SEIA President and CEO Rhone Resch commented: “This proposed settlement is a win all the way around. It would actually lower costs to Chinese manufacturers for the export of solar cells and modules to the United States, and it would improve U.S. manufacturers’ ability to compete fairly on an even playing field. It would also eliminate current and future litigation risks and costs for both Chinese and American companies. But just as importantly, SEIA’s proposed settlement would benefit American consumers, as well as all consumers of solar energy, by holding down costs.”

The proposed compromise is based on a precedent set during a trade dispute in 2002 between the U.S. and Brazil over claims of unfair American subsidies on cotton. The World Trade Organization (WTO) eventually ruled in favor of Brazil. As part of the settlement, a fund was established to compensate Brazilian farmers. Today, the U.S. pays about $150 million per year to Brazil’s cotton industry to avoid being punished by the WTO.

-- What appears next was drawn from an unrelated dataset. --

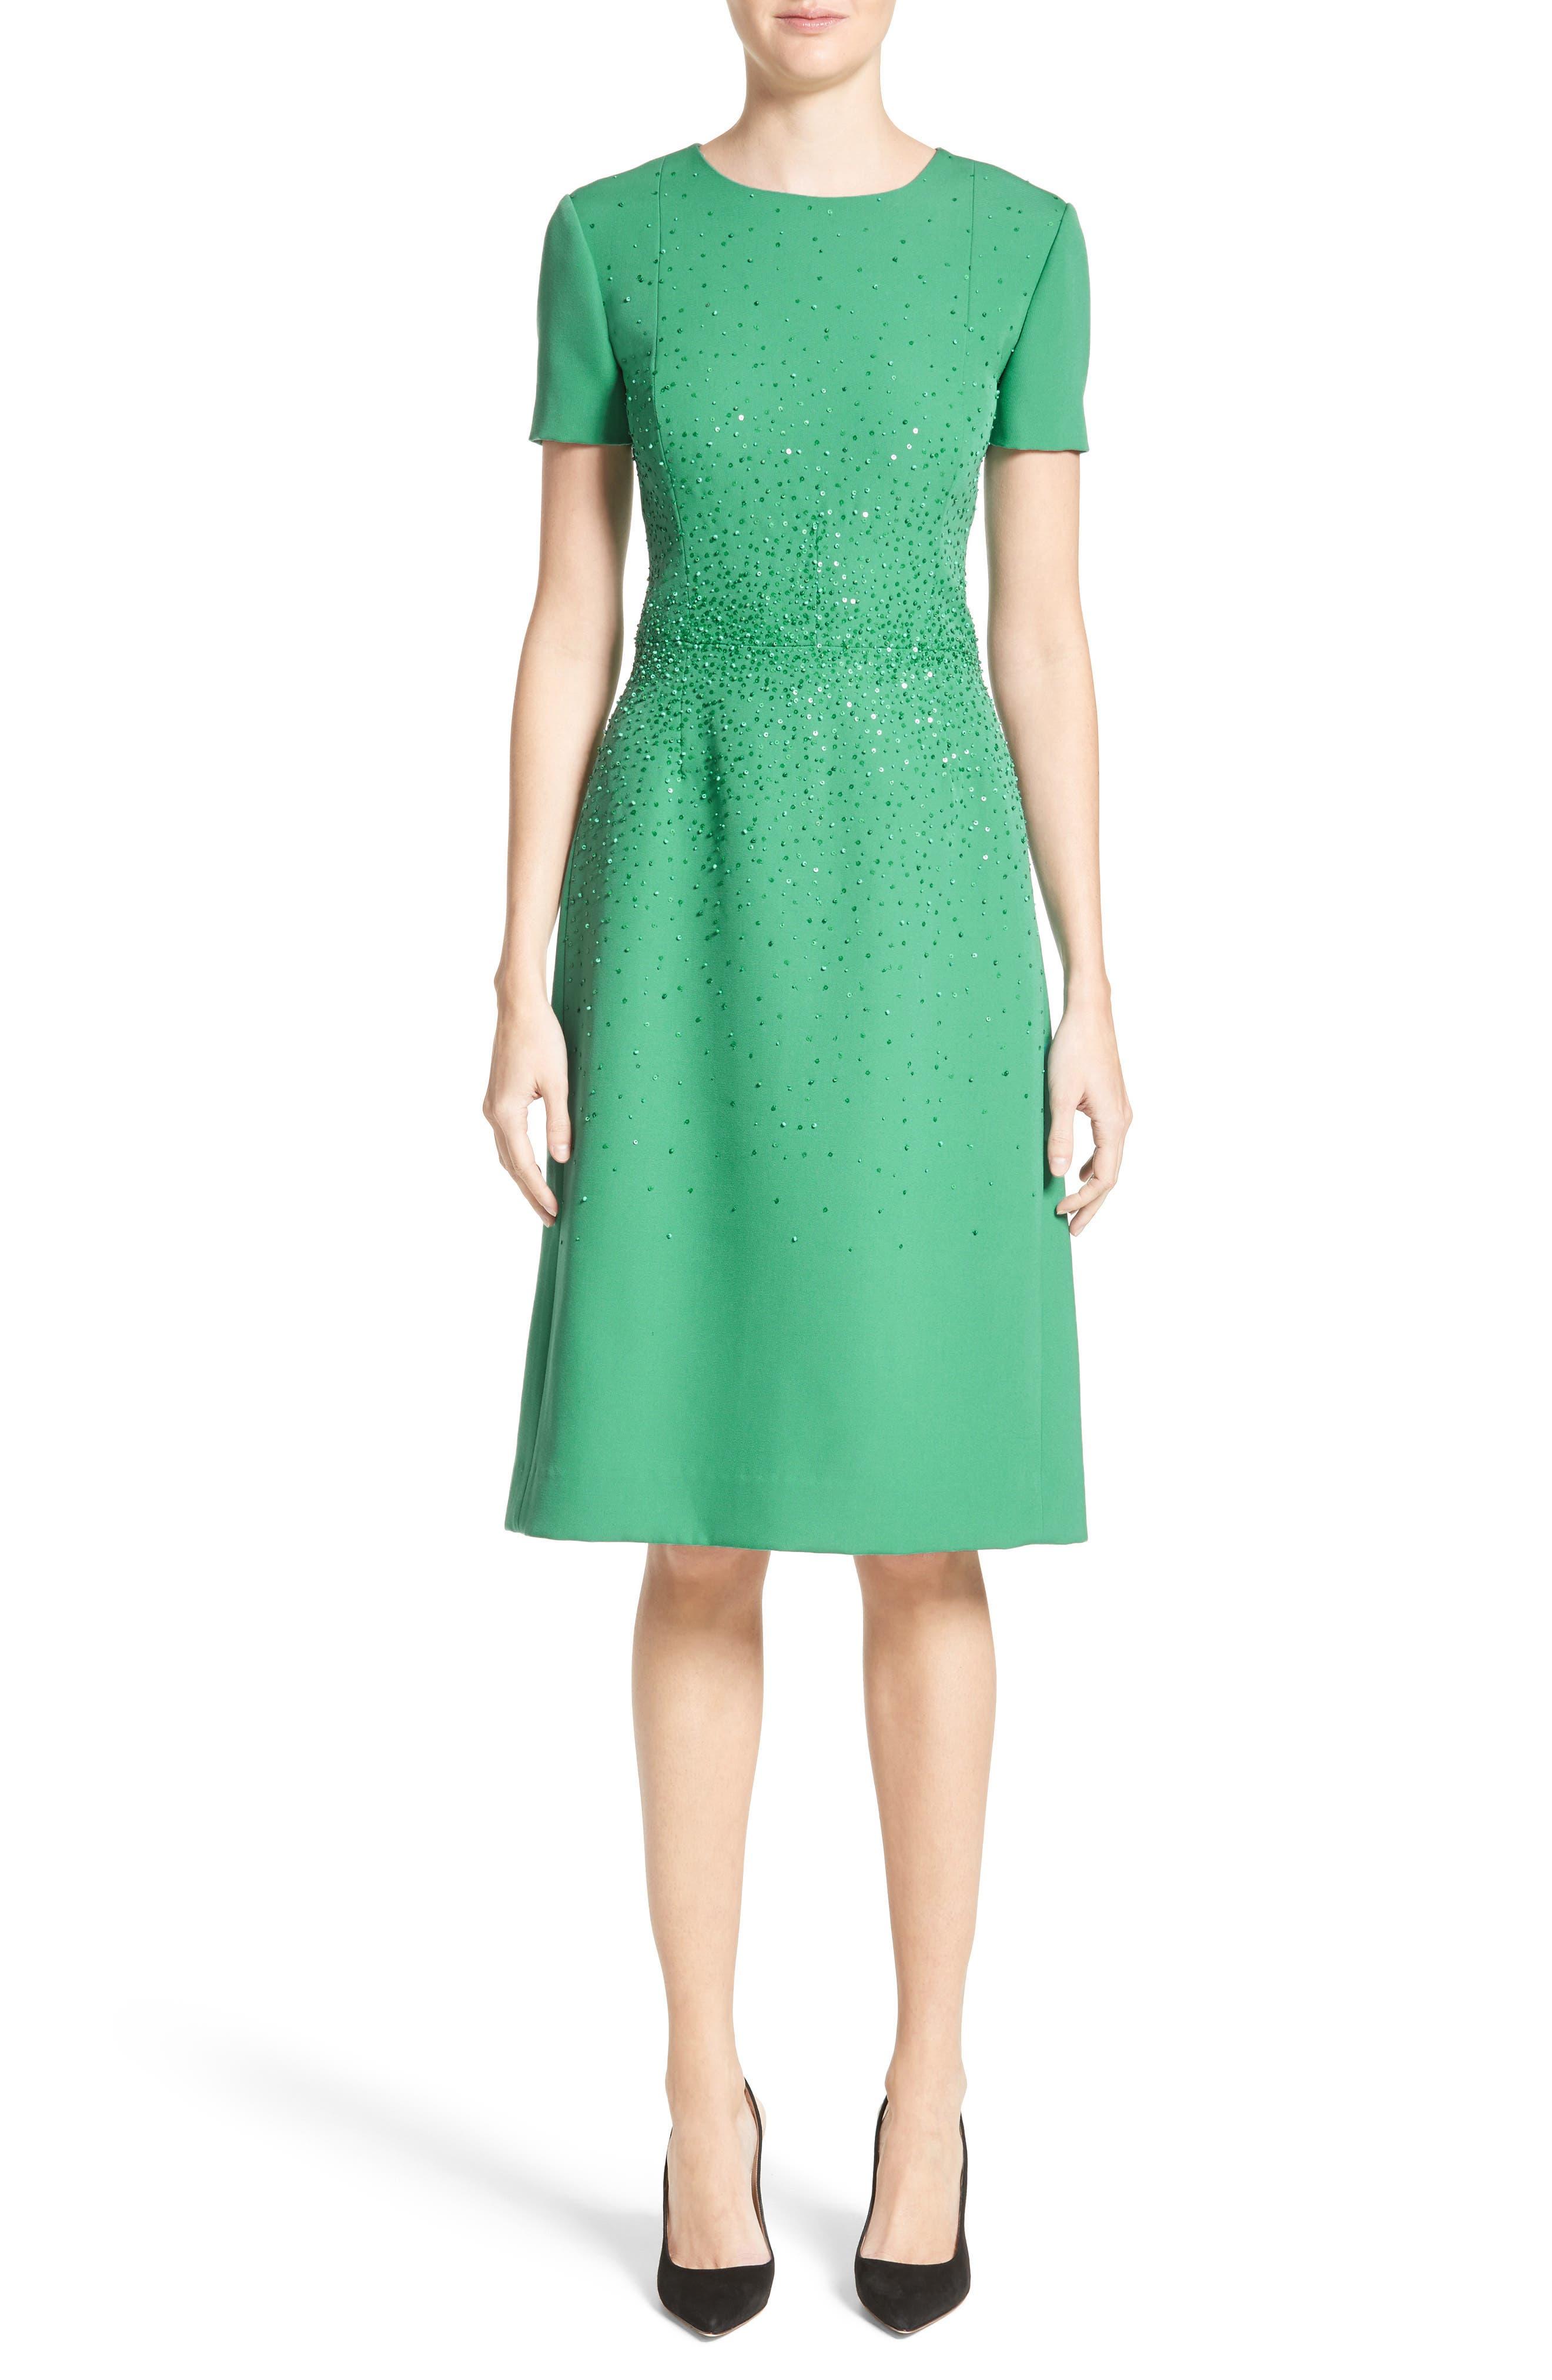 Alternate Image 1 Selected - Carolina Herrera Beaded Stretch Wool Dress

Recently, the European Union and China announced an agreement over their solar disputes. The EU-China agreement sets a minimum price for imports of the renewable-energy technology from China. In return, Chinese manufacturers are spared EU levies meant to counter dumping. SEIA has warned U.S. negotiators that a settlement similar to the recently-announced EU-China agreement will represent a blow to the U.S. solar industry because of an expected increase in solar prices. 

“While we are encouraged that negotiations to resolve the solar trade dispute are continuing in earnest, the discussions appear to be focused right now on a minimum price and/or quotas. This is a misguided approach. Any settlement which includes these components would represent a significant step backwards for the U.S. solar industry and the solar industry globally”, said John Smirnow, SEIA Vice President of Trade and Competitiveness.

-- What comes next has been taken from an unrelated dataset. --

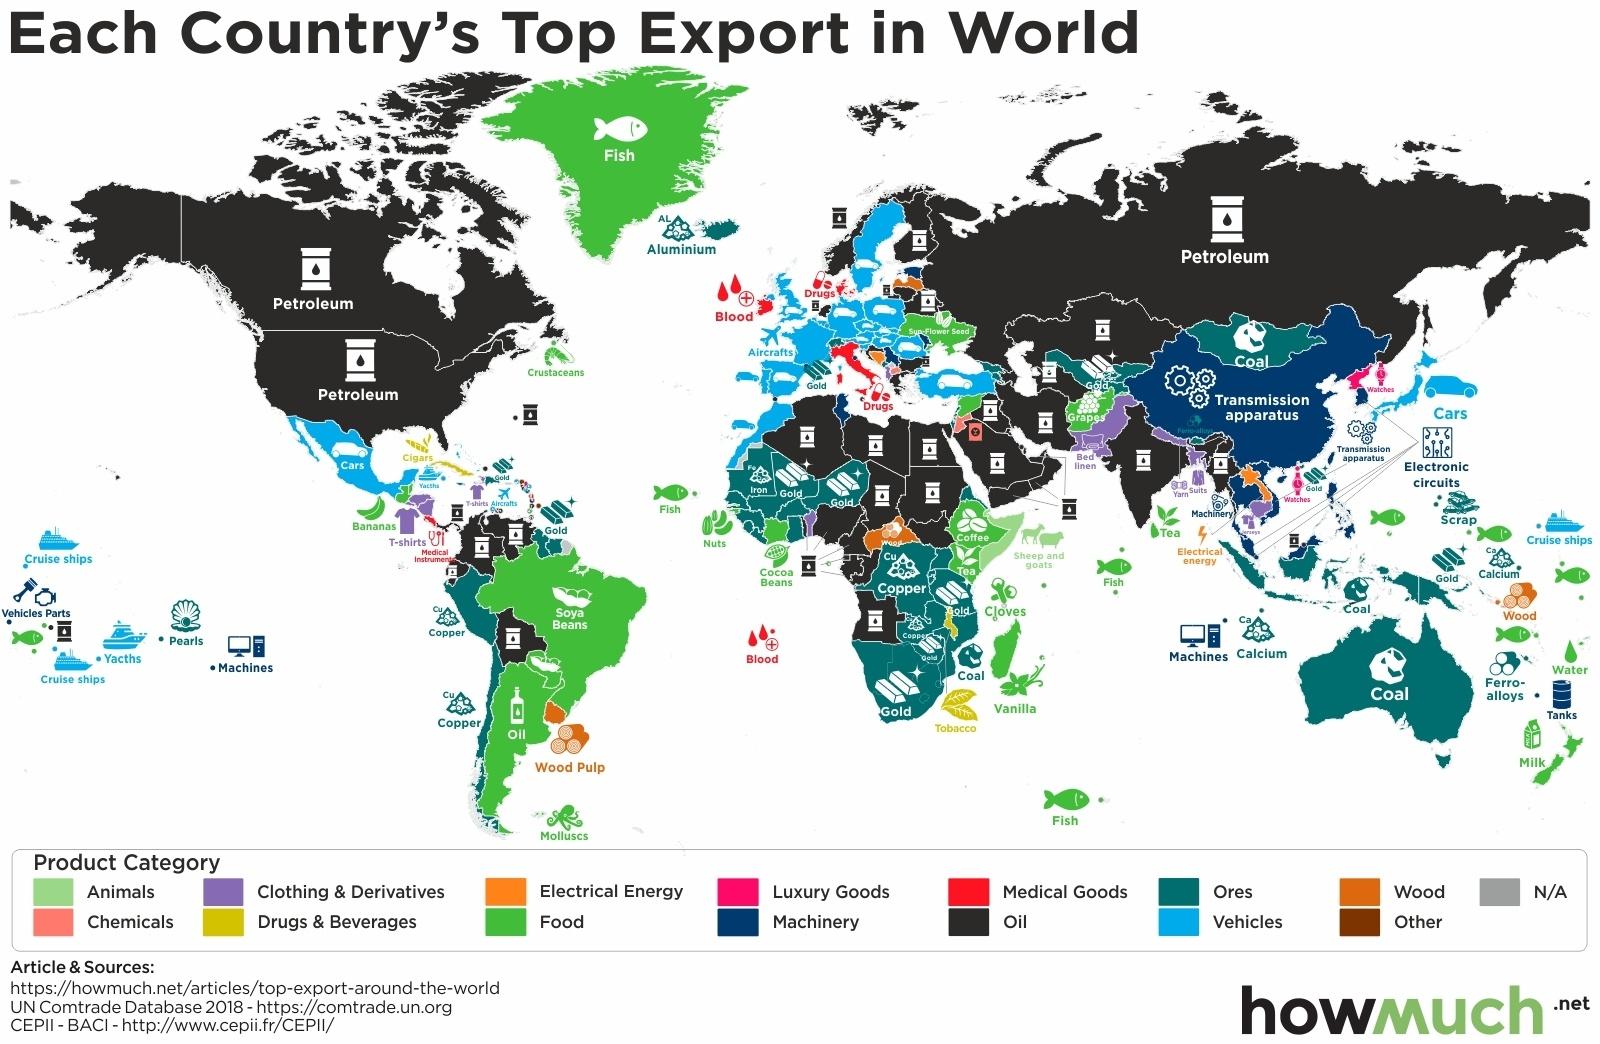 top-export-around-the-world-world-8679

Finally, as an additional step, SEIA thinks the U.S. government should ensure that federal public contracts are provided to domestic solar manufacturers in recognition of the importance of U.S. solar manufacturing to the nation’s long-term energy security.

Update 09/24/2013:

U.S. Senator Murray has released the following statement on SEIA’s proposal:

“It’s abundantly clear that the solar trade dispute between the United States and China is already costing jobs and stifling the critically important solar industry, so I’m pleased that American industry leaders have put forward a commonsense proposal to resolve this problem. The ever-expanding solar energy industry supports thousands of good-paying jobs in Washington state, and continued development of solar technology is vital for our environment and the economy, so I’ll continue working with all the parties involved to find an equitable solution for American businesses and consumers.”

Update 09/24/2013, 2:00pm:

Senate Finance Committee Chairman Max Baucus (D-Mont.) and Senator Jon Tester (D-Mont.) released the following statement SEIA’s proposal:

“We applaud the efforts of the Solar Energy Industries Association to resolve the solar dispute between the U.S. and China.  Without a doubt, this dispute has had a harmful effect on jobs in the U.S. and undercut our competitiveness in critical high-tech industries.  The best outcome for workers, manufacturers and consumers in Montana and across the country is to negotiate a settlement and bring the dispute to a close.  We are ready to work with all parties to resolve this important matter.